More details on the data captured in the telmetry and how to set up your own telemetry data storage can be found here

enabled: True or False, enable/disables the telemetry collection feature

api_url: https://ulnmf9xv7j.execute-api.us-west-2.amazonaws.com/production #telemetry service endpoint

username: Telemetry service username

password: Telemetry service password

prometheus_backup: True or False, enables/disables prometheus data collection

prometheus_namespace: Namespace where prometheus is deployed, only needed if distribution is kubernetes

prometheus_container_name: Name of the prometheus container name, only needed if distribution is kubernetes

prometheus_pod_name: Name of the prometheus pod, only needed if distribution is kubernetes

full_prometheus_backup: True or False, if is set to False only the /prometheus/wal folder will be downloaded.

backup_threads: Number of telemetry download/upload threads, default is 5

archive_path: Local path where the archive files will be temporarly stored, default is /tmp

max_retries: Maximum number of upload retries (if 0 will retry forever), defaulted to 0

run_tag: If set, this will be appended to the run folder in the bucket (useful to group the runs)

archive_size: The size of the prometheus data archive size in KB. The lower the size of archive is the higher the number of archive files will be produced and uploaded (and processed by backup_threads simultaneously). For unstable/slow connection is better to keep this value low increasing the number of backup_threads, in this way, on upload failure, the retry will happen only on the failed chunk without affecting the whole upload.

telemetry_group: If set will archive the telemetry in the S3 bucket on a folder named after the value, otherwise will use “default”

logs_backup: True

logs_filter_patterns: Way to filter out certain times from the logs

        - "(\\w{3}\\s\\d{1,2}\\s\\d{2}:\\d{2}:\\d{2}\\.\\d+).+"         # Sep 9 11:20:36.123425532
        - "kinit (\\d+/\\d+/\\d+\\s\\d{2}:\\d{2}:\\d{2})\\s+"          # kinit 2023/09/15 11:20:36 log
        - "(\\d{4}-\\d{2}-\\d{2}T\\d{2}:\\d{2}:\\d{2}\\.\\d+Z).+"      # 2023-09-15T11:20:36.123425532Z log

oc_cli_path: Optional, if not specified will be search in $PATH, default is /usr/bin/oc

events_backup: True or False, this will capture events that occurred during the chaos run.
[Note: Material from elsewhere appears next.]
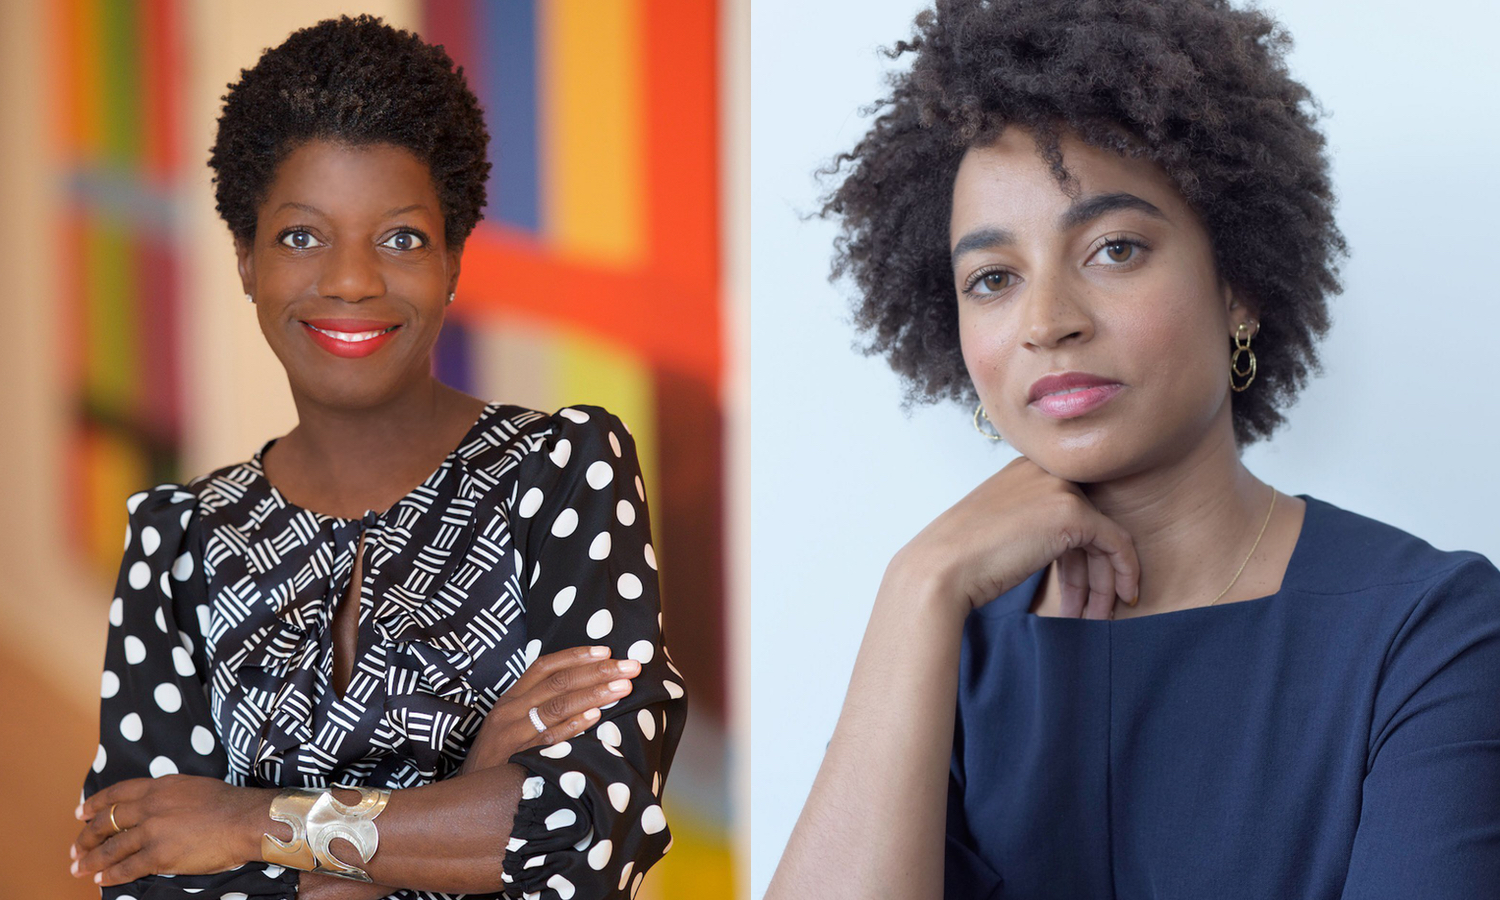 Black Icons of Art: Thelma Golden and Rujeko Hockley

Will be saved to {archive_path}/events.json

Health Checks

Utilizing health check endpoints to observe application behavior during chaos injection, see more details about how this works and different ways to configure here

interval: Interval in seconds to perform health checks, default value is 2 seconds

config: Provide list of health check configurations for applications

  • url: Provide application endpoint

    bearer_token: Bearer token for authentication if any

    auth: Provide authentication credentials (username , password) in tuple format if any, ex:(“admin”,“secretpassword”)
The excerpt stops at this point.